FUEL FILTER ELEMENT

The present application relates to the field of fuel filter components of internal combustion engines, and discloses a fuel filter element, including a support tube, a filter medium, and an upper cover plate and a lower cover plate. The upper cover plate is provided with a first channel. The lower cover plate is provided with a second channel. An air duct is arranged between the upper cover plate and the lower cover plate. The air duct communicates with the first channel and the second channel, and the air duct is positioned on an outer side of the filter medium. The filter medium is arranged between the air duct and a fuel feeding position, such that the stability of a fuel supply pressure and an exhaust state of this fuel filter element is enhanced.

FIELD OF TECHNOLOGY

The present application relates to the field of fuel filter components of internal combustion engines, in particular to a fuel filter element.

BACKGROUND

In general, a fuel filter element is widely used in the field of fuel filtration of internal combustion engines to filter out debris in fuel, and plays a very important role in filtration. In a fuel supply system of an internal combustion engine, gas is present during installation or the solubility of gas in fuel decreases under the influence of a negative pressure during operation to cause gas overflow or fuel vapor is produced under the influence of a high temperature, and the accumulation of gas will lead to unstable fuel supply, insufficient power output, or stalling of the internal combustion engine. As a result, a filter element in a filter of the fuel supply system needs to have an exhaust function.
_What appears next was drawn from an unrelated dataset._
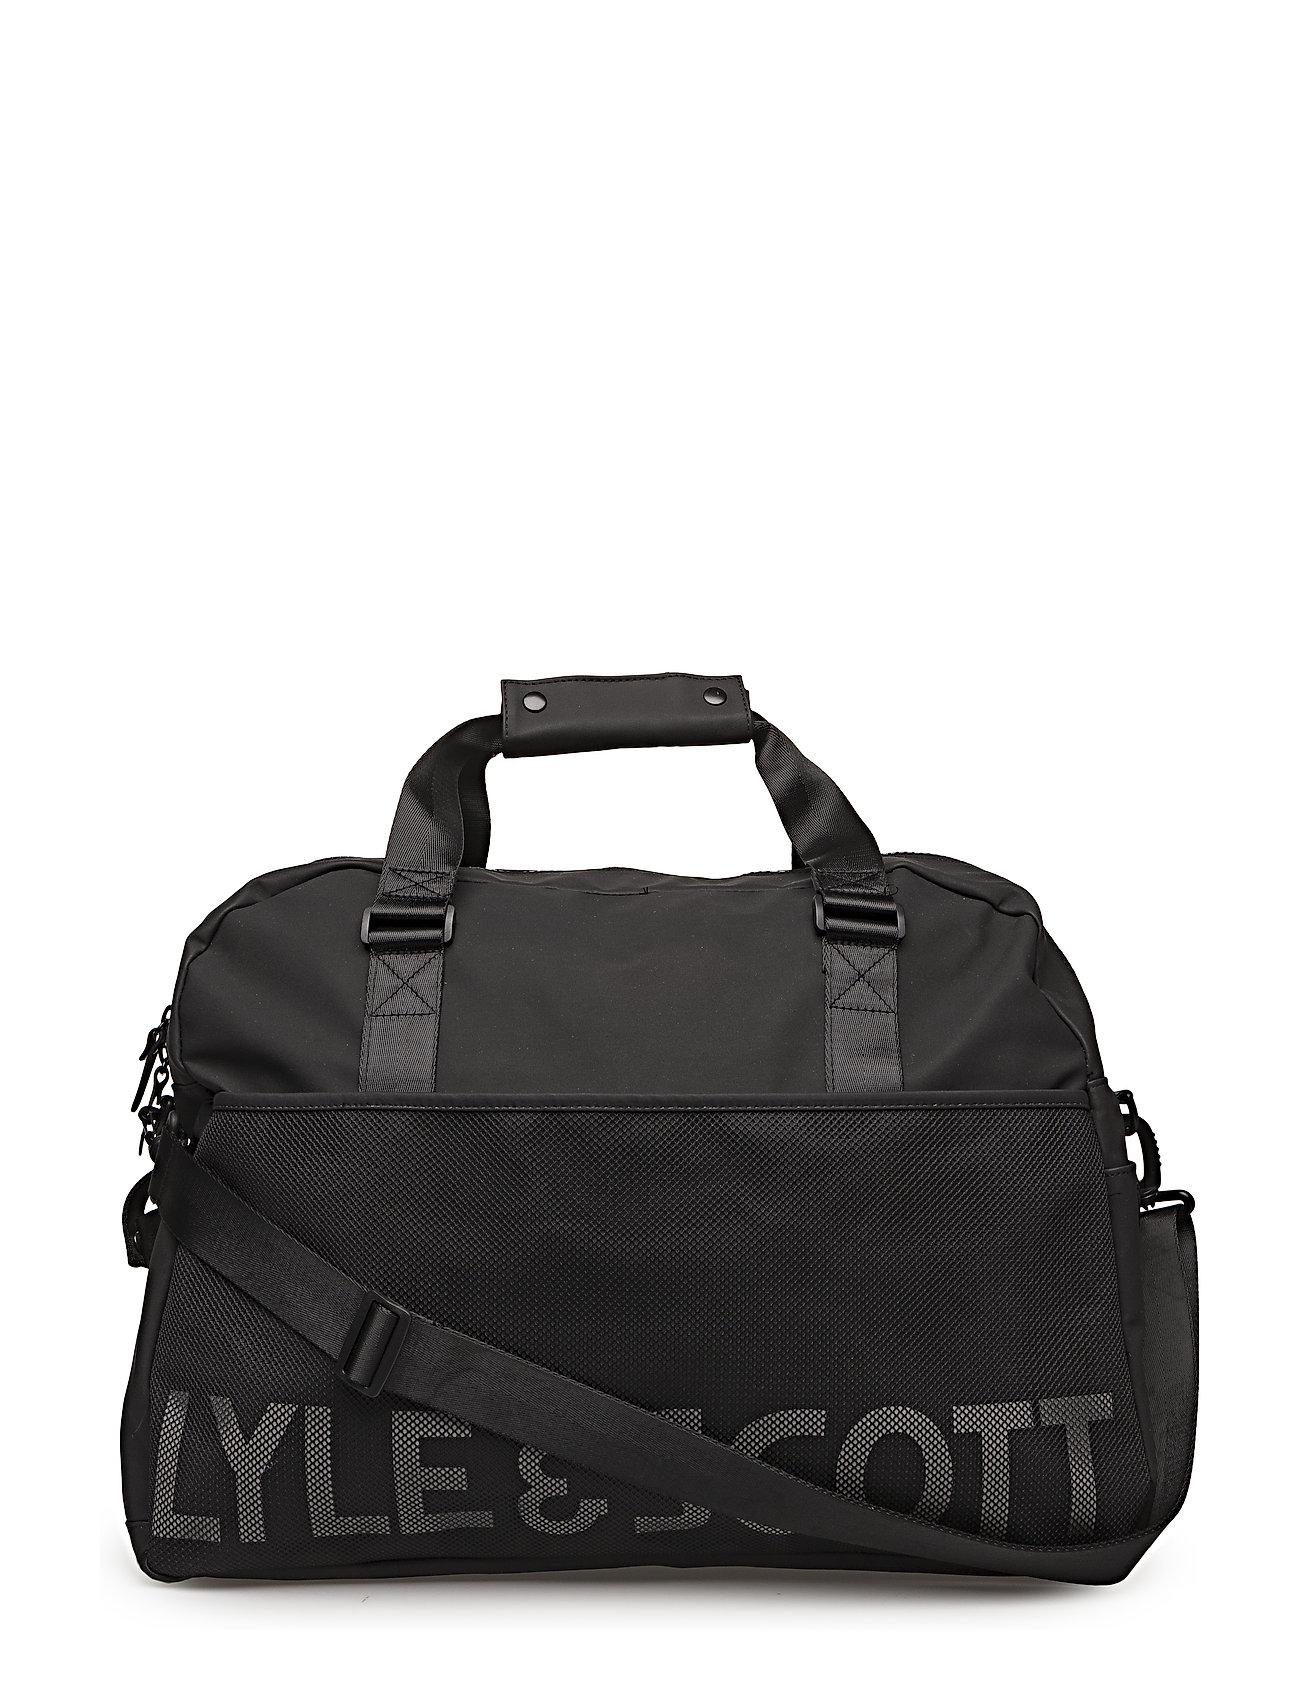 Lyle & Scott Weekender Bag

In the prior art, an exhaust channel is usually arranged in the center of a filter element. Since the exhaust channel in the center is close to a fuel feeding position, the pulsating impact of a fuel feeding pressure directly acts on the exhaust channel, such that gas cannot be exhausted normally, and the hermetical connection between the exhaust channel and a fuel inlet will also be damaged due to pressure pulse fatigue to cause unstable fuel supply pressure and exhaust state. In addition, an existing filter element only roughly filters fuel in general, and filtered fuel often contains some impurities and needs to be further filtered, so there is a problem of relatively low filtration precision.

SUMMARY

In order to solve the technical problems of unstable fuel supply pressure, unstable exhaust state, and relatively low filtration precision in the prior art, the present application provides a fuel filter element. An air duct is arranged on an outer side of a filter medium, and the air duct communicates with a first channel and a second channel, such that the process that fuel enters the filter element is not easily affected, and the separation of gas in the fuel will not be affected, thereby improving the exhaust performance, and enhancing the stability of a fuel supply pressure and an exhaust state of this fuel filter element. A secondary filtering element is annularly arranged outside the filter medium, such that crudely filtered fuel can be further filtered in time, thereby improving the filtration precision and efficiency of this fuel filter element.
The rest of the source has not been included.